── MATERIALS PROVIDED ──

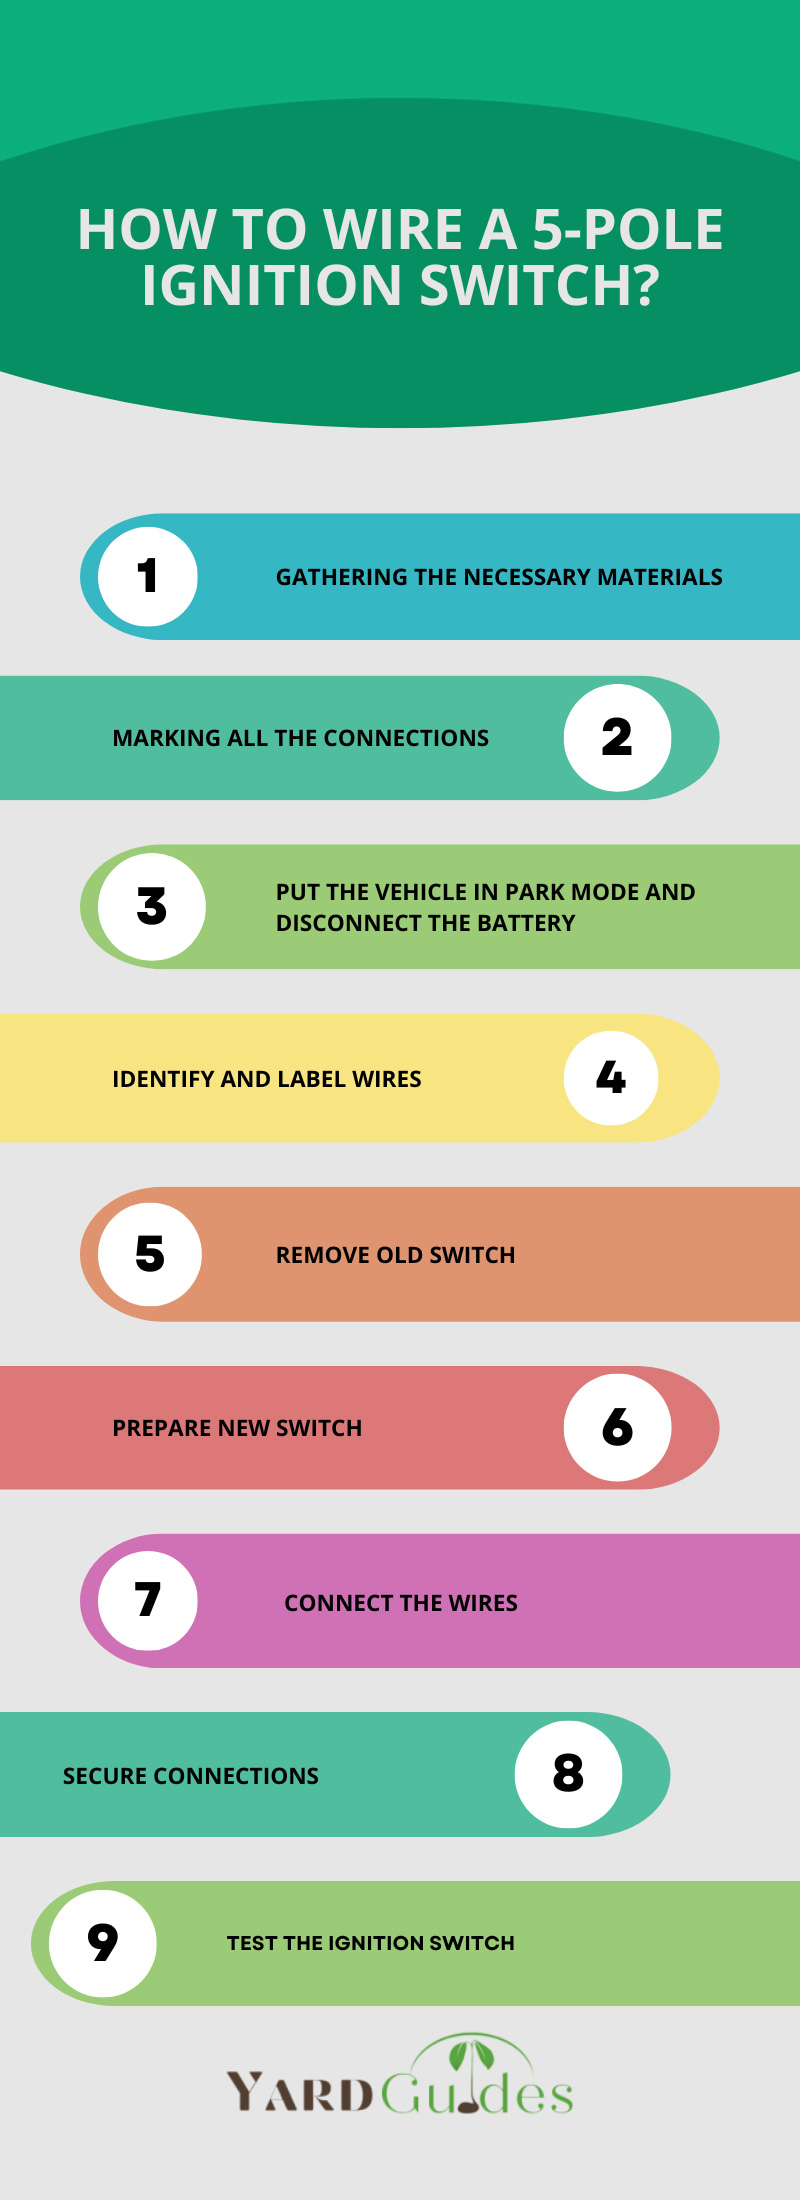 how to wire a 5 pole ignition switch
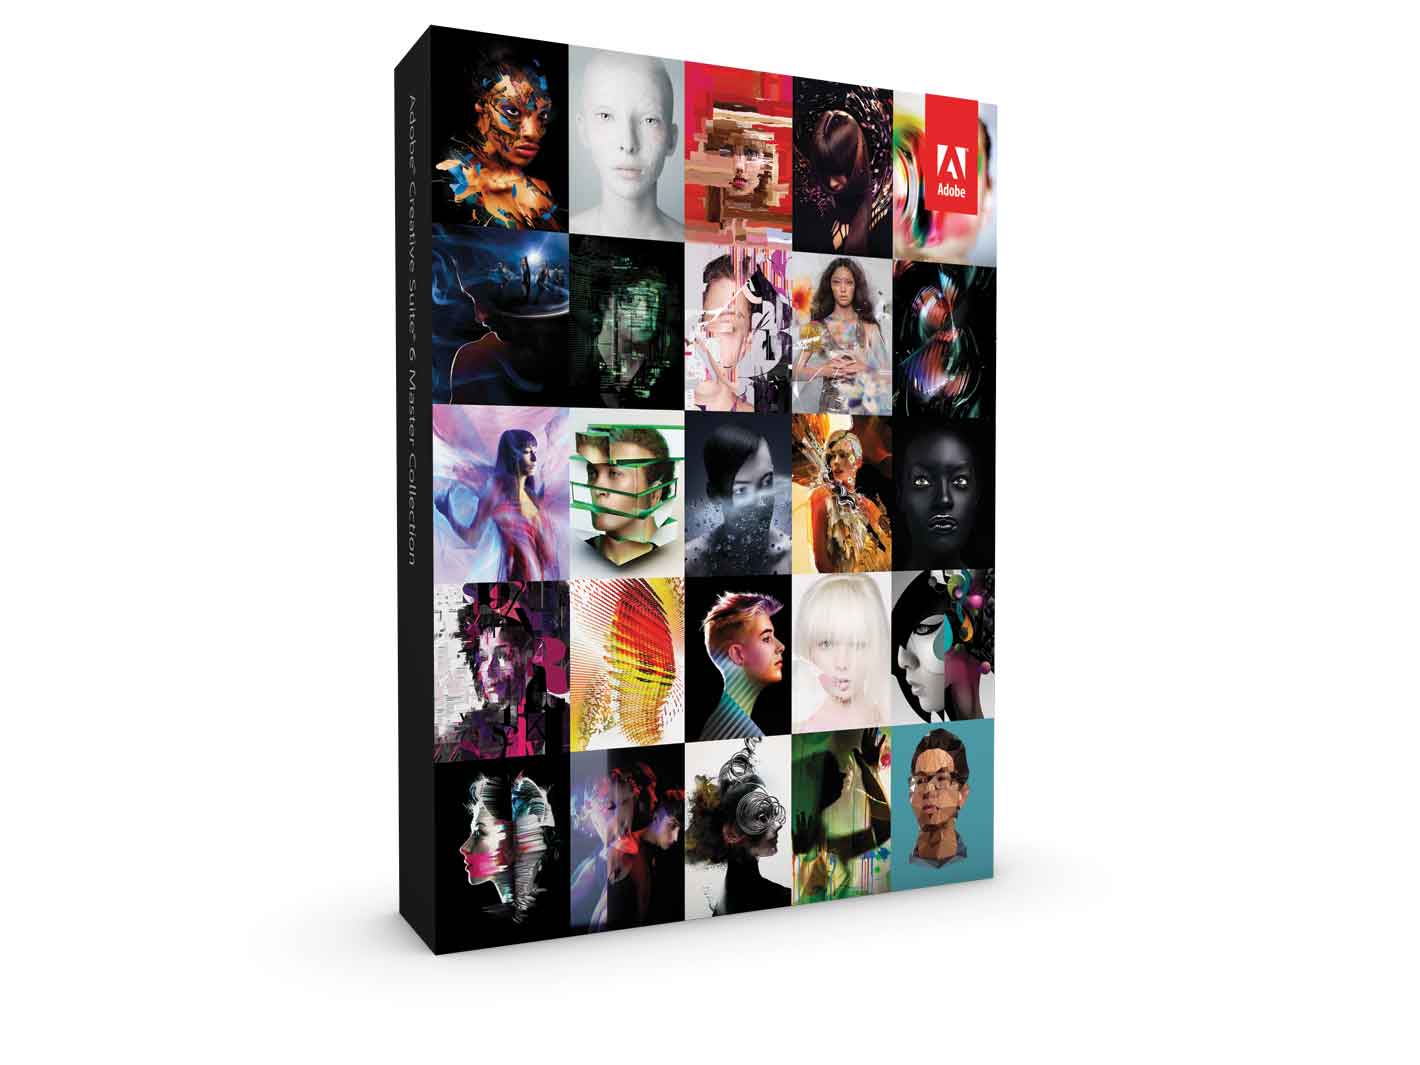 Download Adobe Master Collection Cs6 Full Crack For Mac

───
── MATERIALS PROVIDED ──

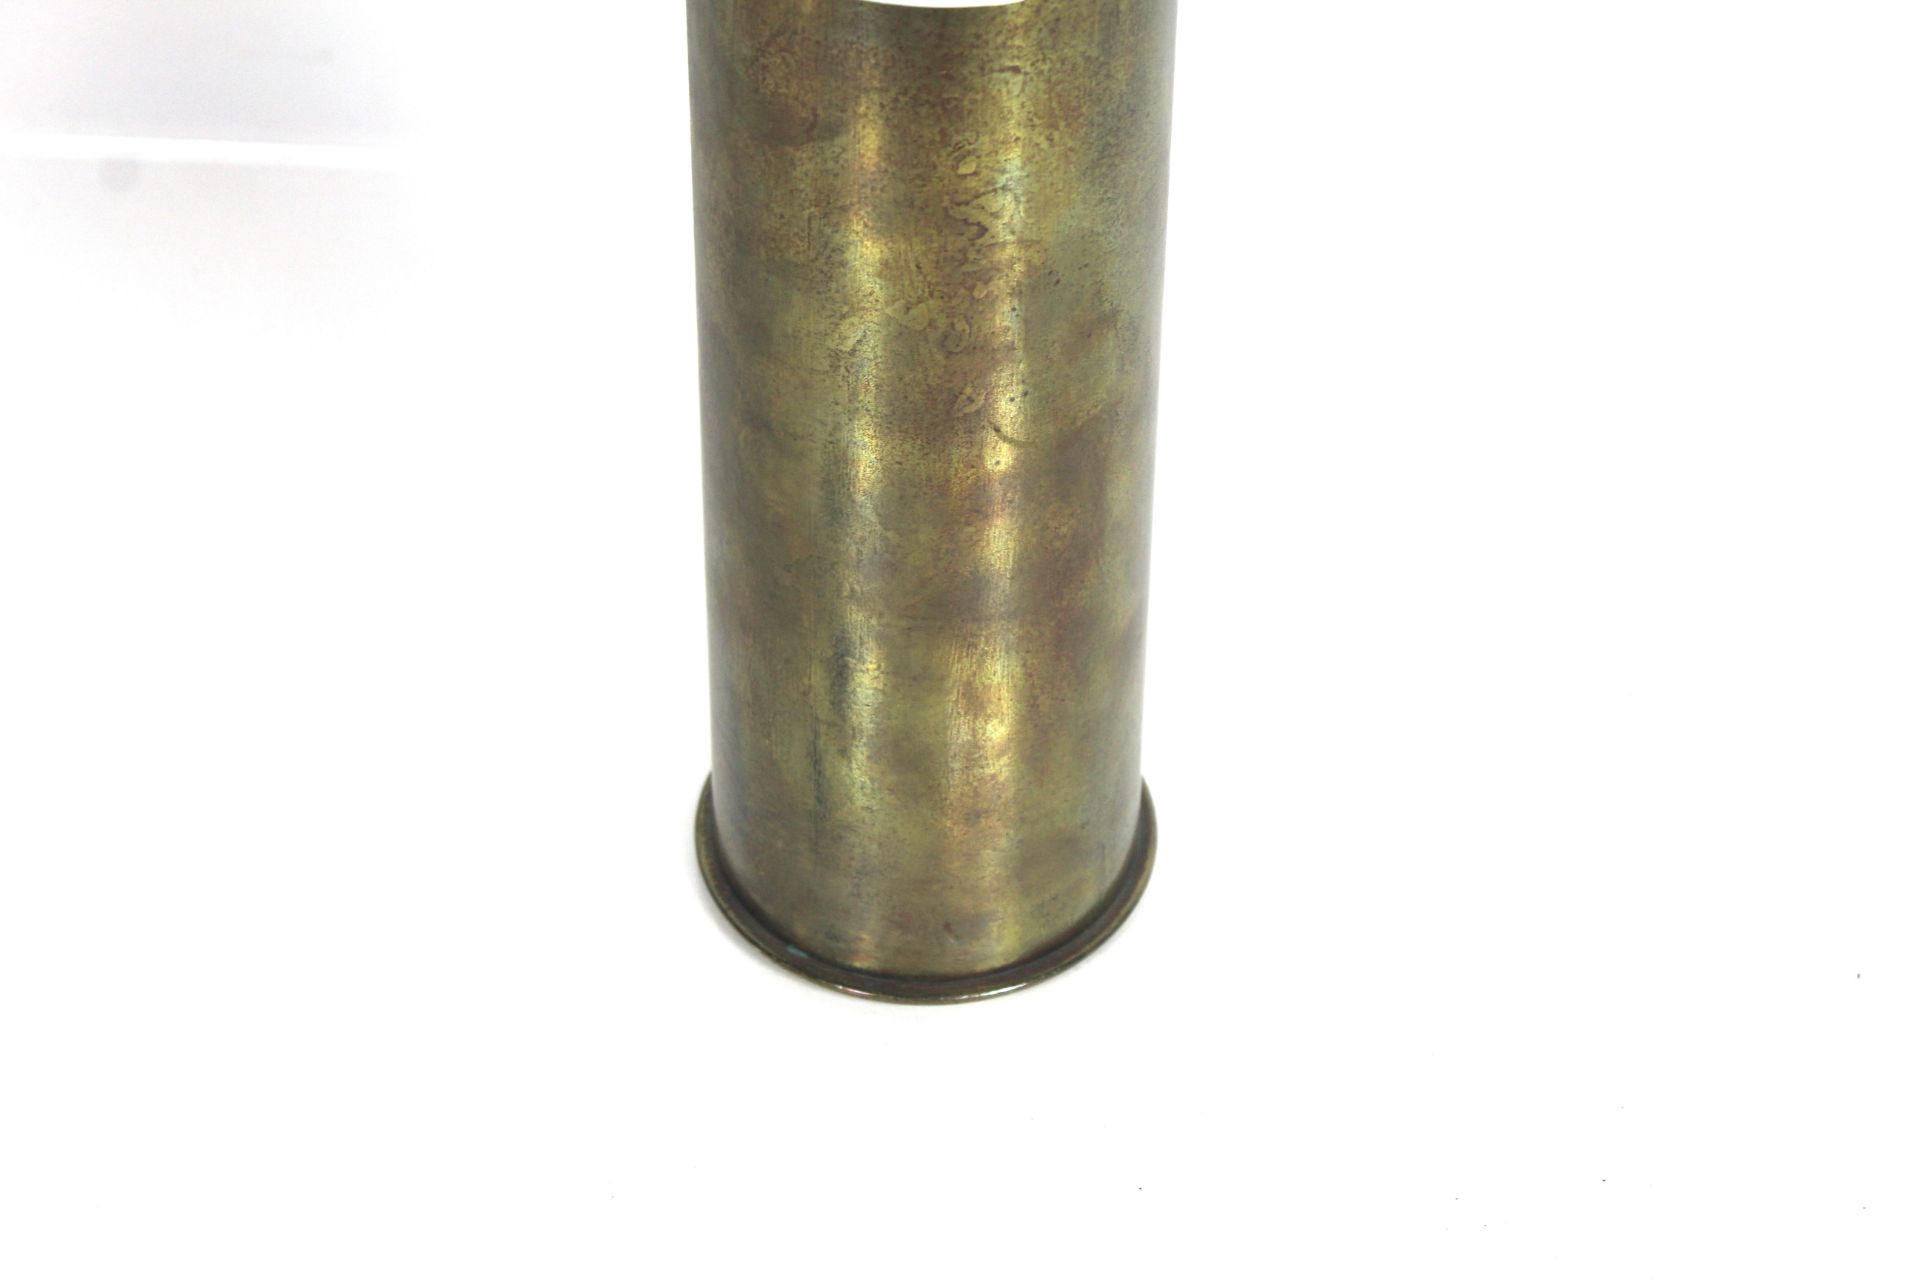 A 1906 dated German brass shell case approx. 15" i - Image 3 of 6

───

WHAT IS EXPECTED — Print exactly the lines above that run from the one with "how to wire a 5 pole ignition switch" down to the one with "Download Adobe Master", and omit the pictures.

SOLUTION BELOW —
 how to wire a 5 pole ignition switch
 Download Adobe Master Collection Cs6 Full Crack For Mac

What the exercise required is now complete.